Decline Crunch
Starting position:
Lie flat on the inclined bench and secure your legs at the end of the bench (shoulder-width apart). Place your hands lightly on either side of your head, keeping your elbows out.
Exercise:
Begin to roll your upper back (scapula) from the bench. Rest your lower back on the bench. While contracting your abdominal muscles, your scapula should come up off the bench completely. As you breathe in, go back down in the same way. Breathe out as you go up. Repeat as required. Keep your elbows out and maintain scapular contraction.
Note:
Along with correct breathing, maintain a neutral pelvis position to avoid overarching your lower back (lordosis).
Concentrate on abdominal breathing!
Do not jerk and focus on correct abdominal contraction.
Recommendation:
To eliminate overarching your lower back, put your pelvis in a neutral position and push the small of your back down into the floor.

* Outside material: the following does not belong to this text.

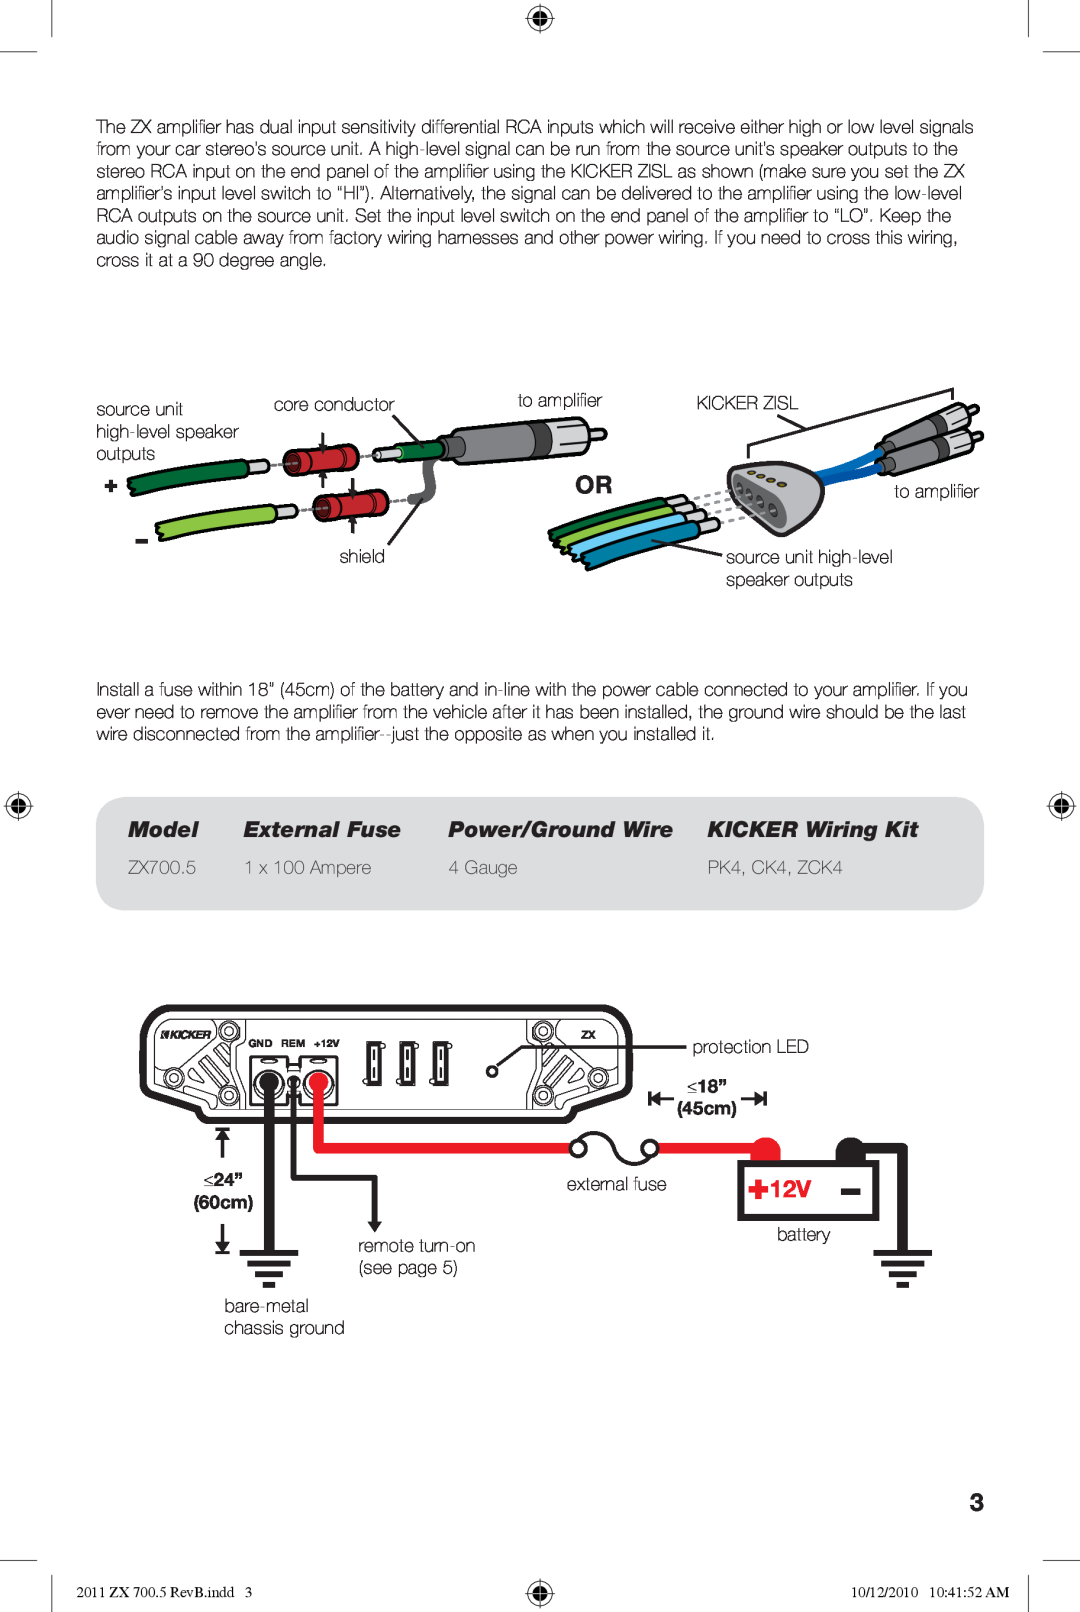 Kicker ZX700.5 manual Model, External Fuse, Power/Ground Wire, KICKER Wiring Kit

This is a variation of crunches: lying on decline platform makes the exercise harder and it is also possible to lift the body higher thus making use of longer trajectory.
Hands can be either on the side of the head (touching the ears) or above the trunk, especially if you choose to hold a plate in stretched hands.
Holding a plate (or other weight) behind the head or locking the fingers behind the head can cause lower back problems as the head is being pushed forward.
Notice: there is a difference between crunches and sit-ups. In sit-ups you lift your upper body completely into or very close to sitting position. This movement is mainly strengthening internal muscle called psoas, not the external visible abdominal muscles.